Servlets do have a couple of features that are missing from WBI. Specifically, the configuration can load Servlets from remote servers rather than requiring them to be manually loaded on the same machine. In addition, a special <SERVLET> tag allows Servlets to insert dynamic content into the document. These functions can be added to WBI without difficulty.
We have found the WBI architecture to be powerfully productive. Though similar to several other systems, the full-featured intermediary paradigm is unique and gives the programmer unparalleled flexibility.
5.2 MetadataThe role of intermediaries grows more important as the use of machine-readable metadata increases. At present, the web is largely designed to be human-readable. As a result, it is often difficult for a computer to parse the contents of a page---even the basic word breaks and word order is often obscured in the interest of producing a particular visual presentation. It is even more difficult for a computer to determine important facts from a web page. For example, what is the item, price and merchant on an advertisement page? Metadata standards and incentives for their use will lead to an information environment where computers can handle information intelligently rather than simply transmitting it. The establishment of the PICS standard and associated languages for communicating page content is a good first step. When such metadata is embraced by the community, intermediaries will become vastly more useful. For example, they will be able to compile information from disparate sources, produce customized views and reports, and evaluate timeliness and quality of information.
5.3 Extending WBIWBI implements the intermediary concept for the basic web protocols, principally HTTP and HTML. But the utility of intermediaries is not limited to these particular cases. We are exploring the extension of WBI to handle other protocols such as news and email. Example applications include automatic routing of email questions to known experts, mail summarization, and virtual newsgroups compiled from across the entire news feed. We are even looking at intermediaries for non-digital information streams such as telephone (e.g., Wildfire).

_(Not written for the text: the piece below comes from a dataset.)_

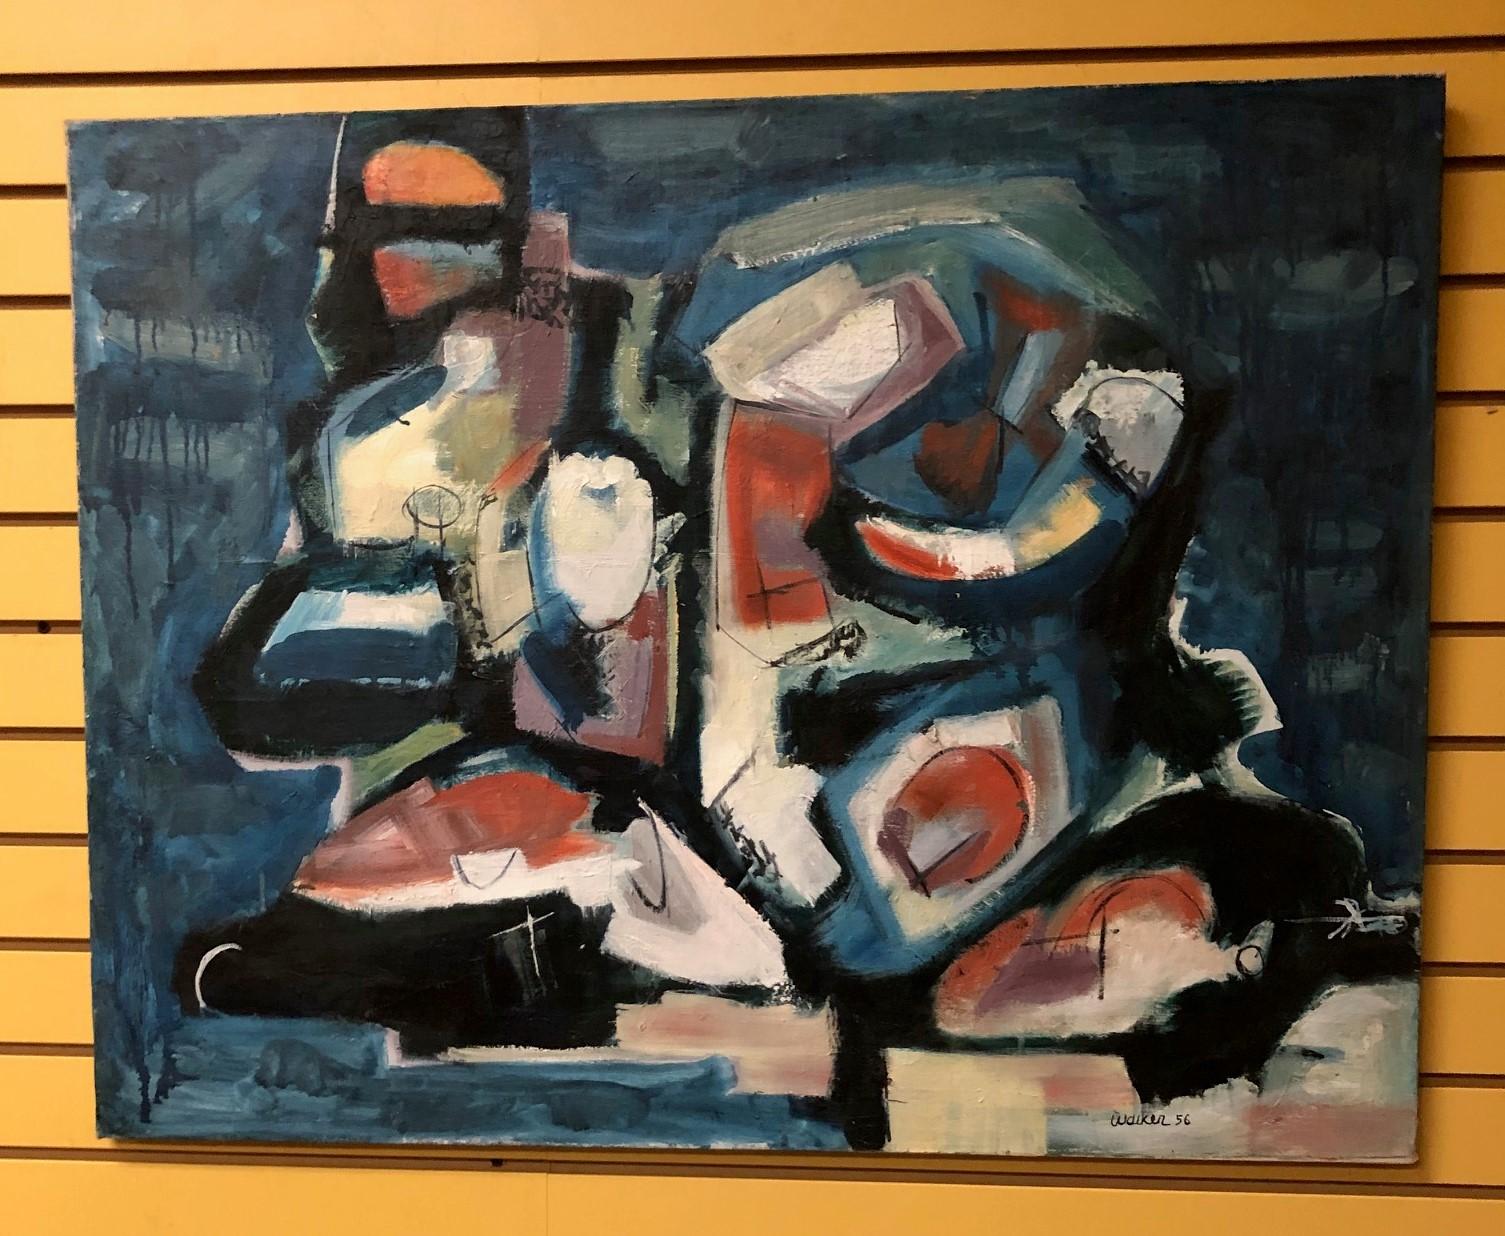 Original midcentury abstract oil on canvas painting by Clay Walker, circa 1956. 

Clay Walker, born in 1924 in Kentucky. Walker exhibited with Picasso, Warhol, Rauschenberg, etc.; he has shown in over 200 US and international exhibitions and he

As intermediaries handle more information streams, it becomes advantageous for them to be able to share information. For example, a mail intermediary that caches received mail can make that mail available through HTML web pages via an HTTP intermediary. To implement this, the mail intermediary and web intermediary need to share the mail contents. In another project, User-Centered Push , our group has implemented a blackboard architecture for sharing such information. Essentially the blackboard becomes a clearinghouse for user modeling and user interest information, which is made available to all of the intermediaries.
5.4. SummaryIntermediaries extend the web model to include content computation at client and workgroup proxy as well as at the server. This programming model provides a new degree of flexibility and allows web applications to do things that they could not do before. The WBI architecture is a productive infrastructure for programming web applications using intermediaries. Intermediaries provides a new place for applications to manipulate web data.